Stained Glass Output Protection is also available as a Python wheel, which can be installed in any Python (>=3.10) environment via pip or uv. Unlike on the server, clients do not need to install vLLM. The client library contains utilities for generating client keys, and decrypting responses from the server.

# pip
pip install stainedglass_output_protection-1.1.1-py312-none-any.whl

# uv
uv install stainedglass_output_protection-1.1.1-py312-none-any.whl

Usage¶

Using vLLM with Stained Glass Output Protection occurs in three phases: Generating client keys, submitting requests, and decrypting responses.

Generating Client Keys¶

The Output Protection plugin requires clients to send an x25517 public key in the request headers that has been base64 encoded. Clients must provide this themselves, and the stainedglass_output_protection library provides a utilities for this.

from stainedglass_output_protection import encryption
client_private_key, client_public_key = encryption.generate_ephemeral_keypair()
headers = {"x-client-public-key": base64.b64encode(client_public_key.public_bytes_raw()).decode("utf-8")}

Submitting Requests¶

The Output Protection plugin is fully compatible with the OpenAI Python SDK. Instead of using client.completions.create, or client.chat.completions.create, you should use client.completions.with_raw_response.create or client.chat.completions.with_raw_response.create respectively. The server will return its public key (for decryption) in the response headers.
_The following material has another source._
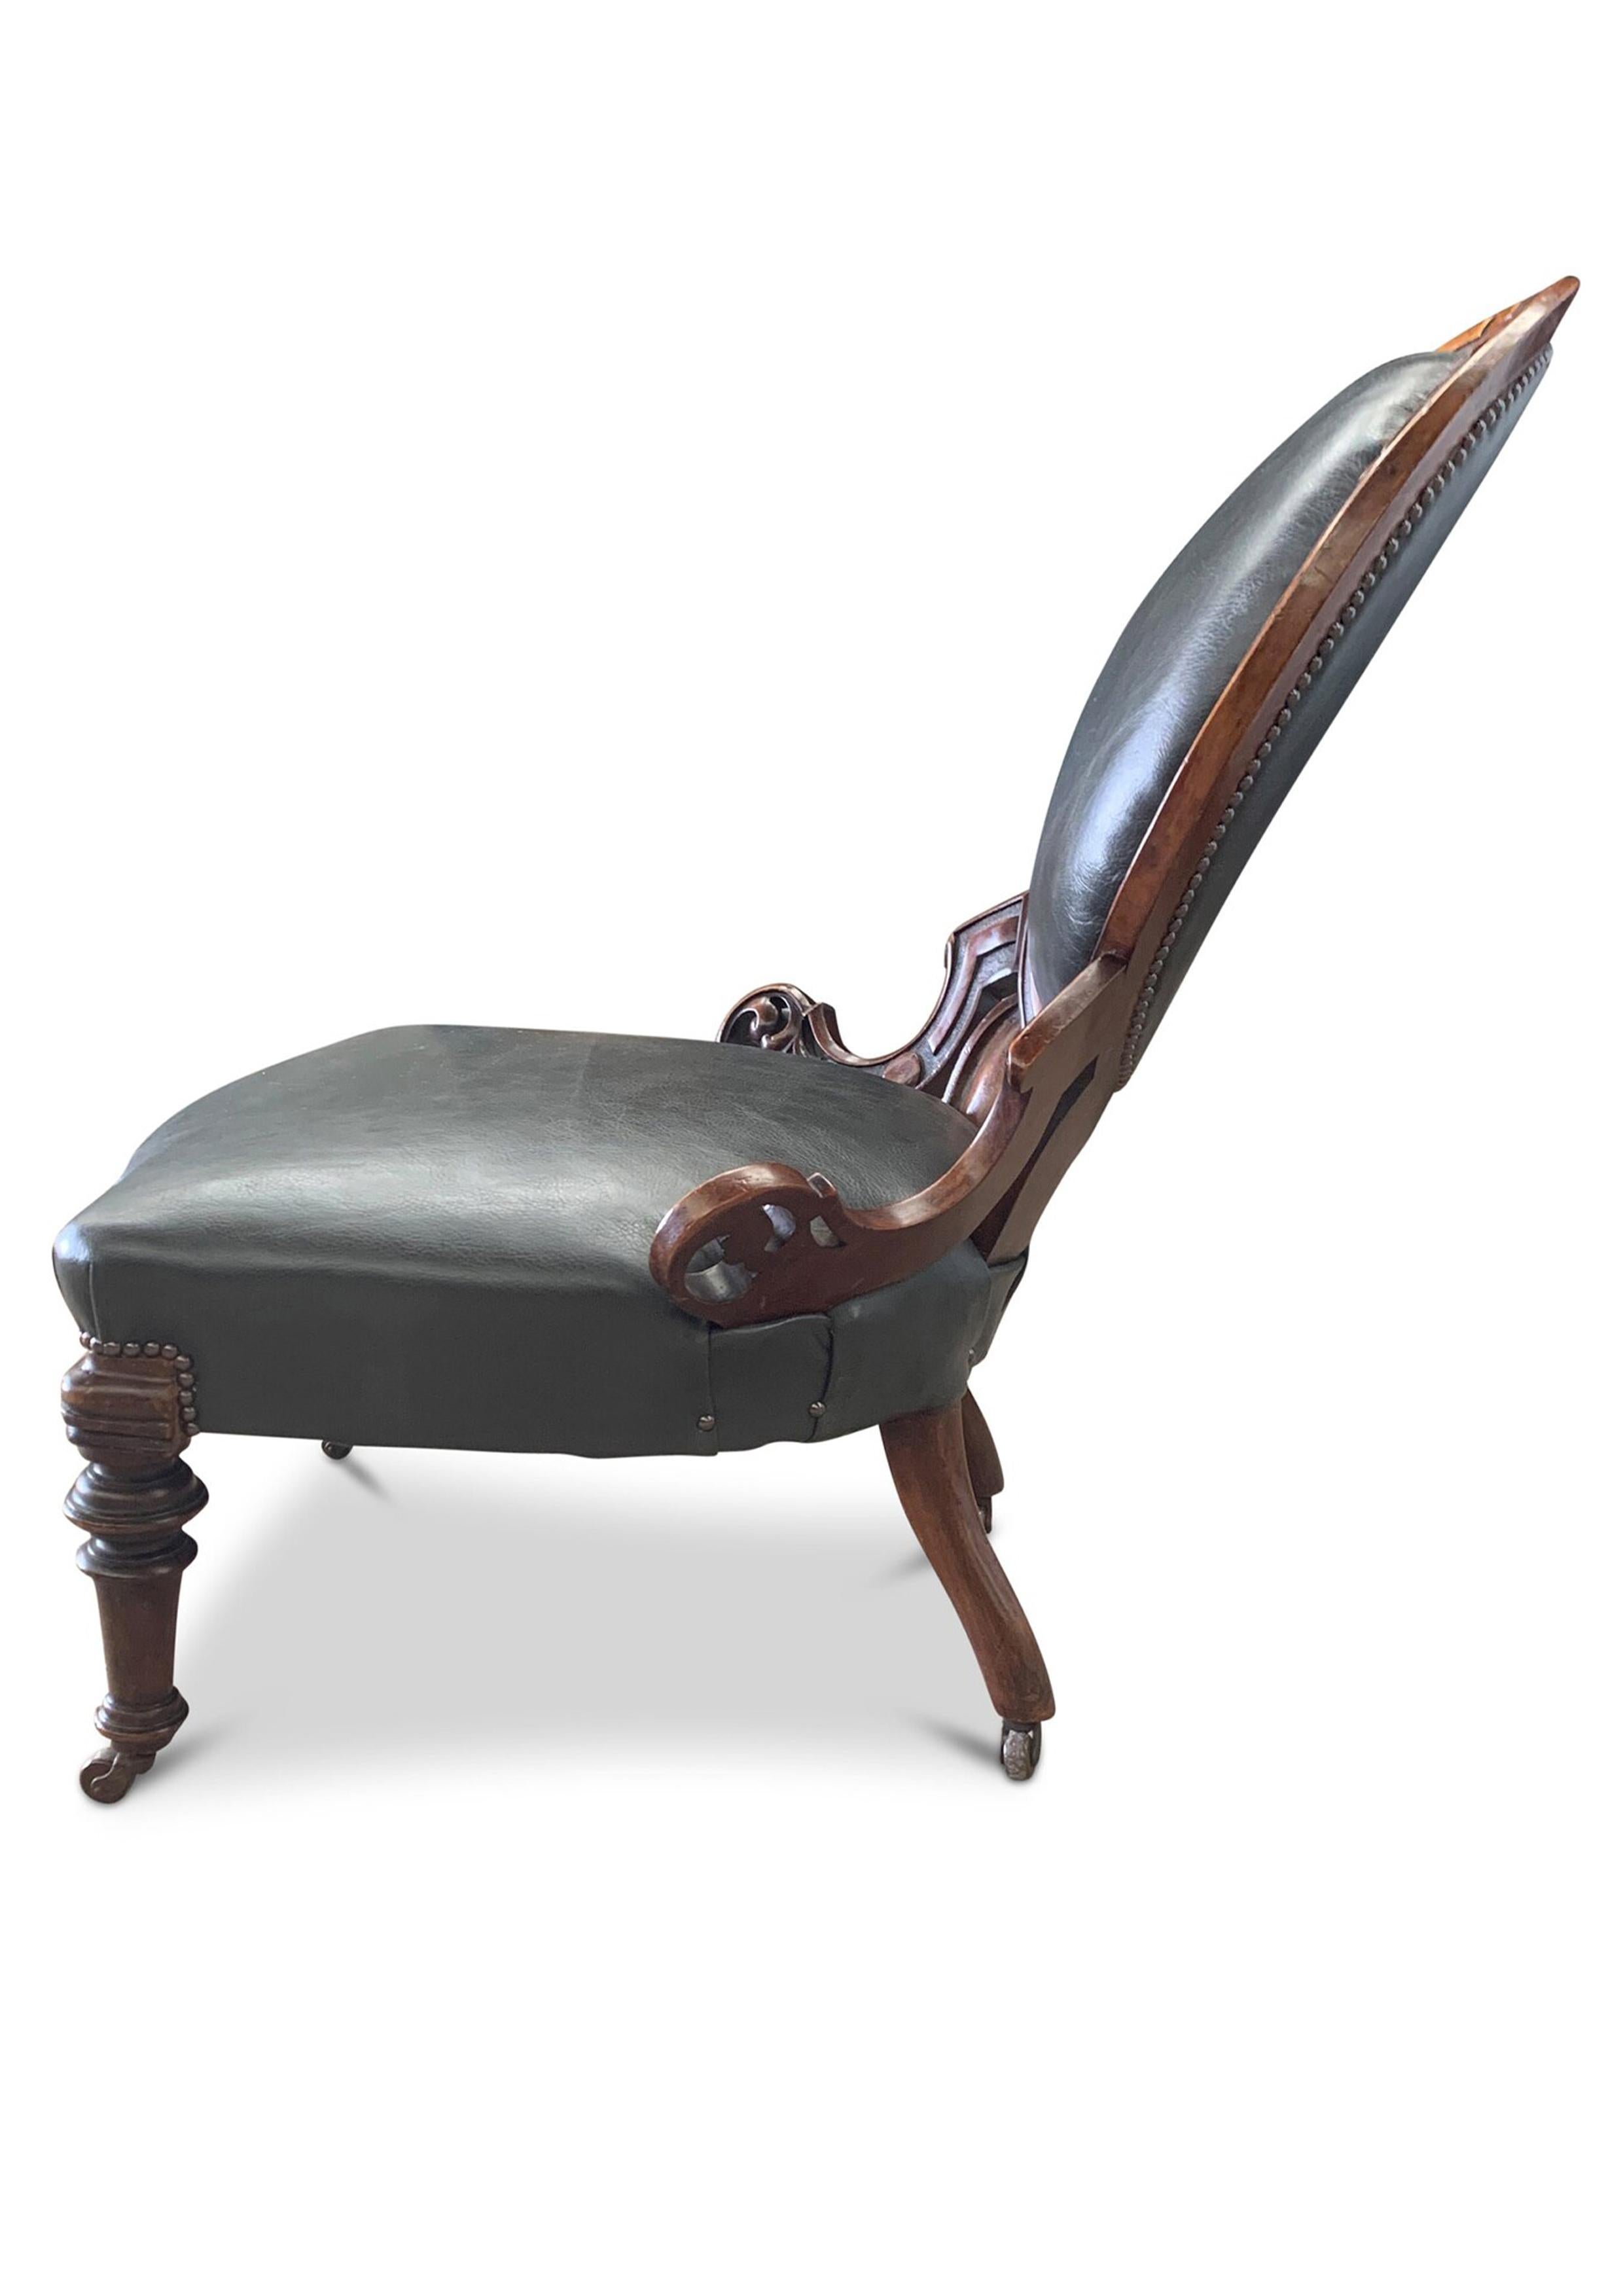 Magnifique fauteuil de bibliothèque ancien en cuir gris et noyer avec motifs sculptés, clous en laiton et roulettes en céramique d'origine Regency Circa 1830's

Here's how to do it for /v1/completions:

openai_client = openai.AsyncOpenAI(api_key="<API_KEY>", base_url="<vllm server url>/v1", default_headers=headers)

response = await openai_client.completions.with_raw_response.create(
    model="meta-llama/Meta-Llama-3.1-8B-Instruct",
    prompt="Please tell me about the history of Rome.",
    stream_options=stream_options_type.ChatCompletionStreamOptionsParam(include_usage=True),
)

Note

If not using the OpenAI Python SDK, make sure that the x-client-public-key header is included in the request.

Decrypting Responses¶

Decrypting responses requires first deriving a shared AES key using the client's private key and the server's public key, which is provided in the response headers. The stainedglass_output_protection library provides utilities for this as well.

After a shared key is derived, the text of the responses can be decrypted using the decrypt_str function. Here's how to do it for /v1/completions:

server_public_key = x25519.X25519PublicKey.from_public_bytes(base64.b64decode(response.headers["x-server-public-key"]))
shared_key = encryption.derive_shared_aes_key(client_private_key, server_public_key)

completion = response.parse()

for choice in completion.choices:
    print(encryption.decrypt_str(choice.text, shared_aes_key=shared_key))

Note

If not using the OpenAI Python SDK, make sure to parse the corresponding response header (x-server-public-key) and use it to derive the shared AES key, as shown above.

Configuration¶

The Output Protection plugin can be configured via environment variables.

Environment Variable	Description
`SG_REGISTRY_CONNECTION_SECRET`	The secret used for internal socket connections between processes in vLLM with Output Protection enabled. The value of this variable should be a string.
`HUGGING_FACE_HUB_TOKEN`	The Hugging Face Hub token used to authenticate with the Hugging Face Hub. This is required for downloading models from the Hugging Face Hub. This is a requirement of vLLM to download gated models from the Huggingface Hub.